In the framework of Regional Fisheries Management Organisations, control and inspection plans would be adopted as well as specific conservation and management measures. In addition IUU vessels would be identified and monitored and their catches would be quantified.

At the international level, concepts like genuine link would be defined, and a number of rights and obligations of the port state would be established. Moreover, the exchange of information on IUU activities and the international co-operation would be strengthened.

In partnership with developing countries, the necessary means would be provided to enable them to effectively control fishing activities undertaken in waters under their jurisdiction.

European Commission sanctions against states operating open ship registries and flags of convenience for illegal, unreported and unregulated fishing have been effective in pressuring states to reform or limit their open ship registries to fishing vessels, or at least in severely curtailing registrations under that jurisdiction.

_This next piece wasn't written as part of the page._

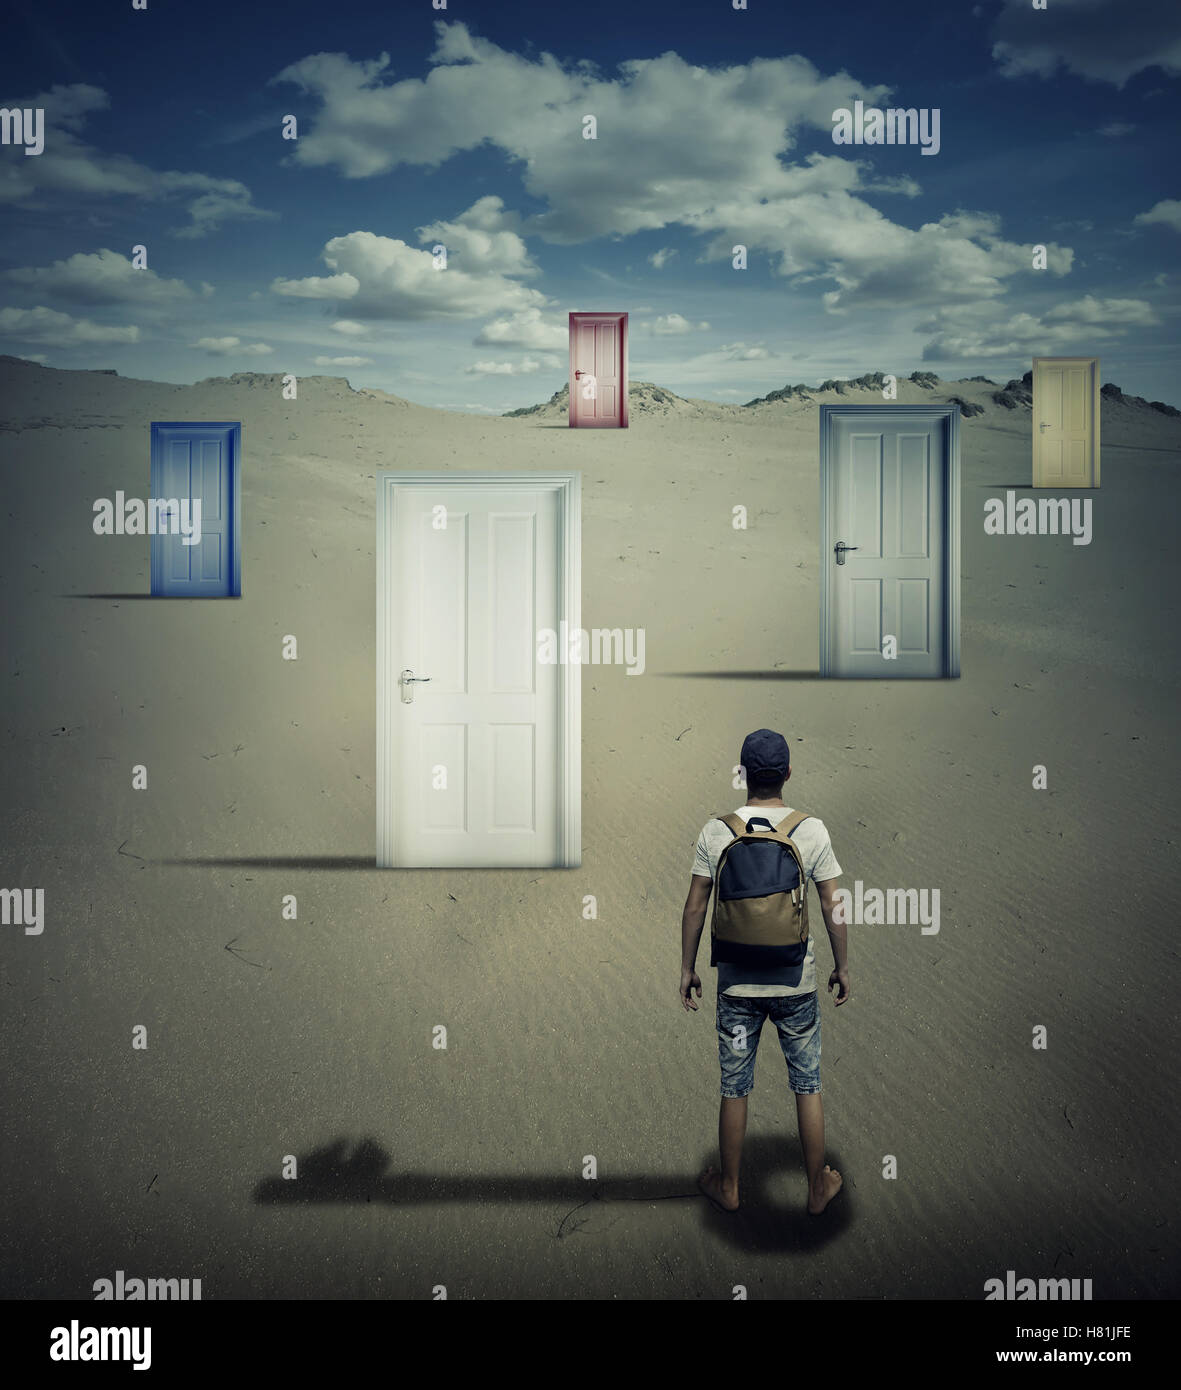 Immagine concettuale con una persona in piedi di fronte a diverse porte chiuse, la caduta di una chiave shadow, a scelta di cui uno per aprire. Foto Stock

These sanctions generally limit or ban access to the European Common Market for fisheries products produced by vessels of a certain state.

===High Seas Task Force===
The High Seas Task Force comprises a group of fisheries ministers and international NGOs working together to develop an action plan designed to combat IUU fishing on the high seas.

Launched in 2003, the Task Force includes fisheries ministers from Australia, Canada, Chile, Namibia, New Zealand and the UK, together with the Earth Institute, IUCN-World Conservation Union, WWF International and the Marine Stewardship Council.

The goal of the Task Force is to set priorities among a series of practical proposals for confronting the challenge of IUU fishing on the high seas. A series of expert panels have been convened to identify the legal, economic, scientific and enforcement factors that permit IUU activity to thrive, and then determine key points of leverage that can brought to bear at national, regional, and global levels to minimise the incentives to carry out IUU fishing on the high seas. The completed action plan, published on 3 March 2006, will be placed by ministerial members of the Task Force directly in the hands of other ministers.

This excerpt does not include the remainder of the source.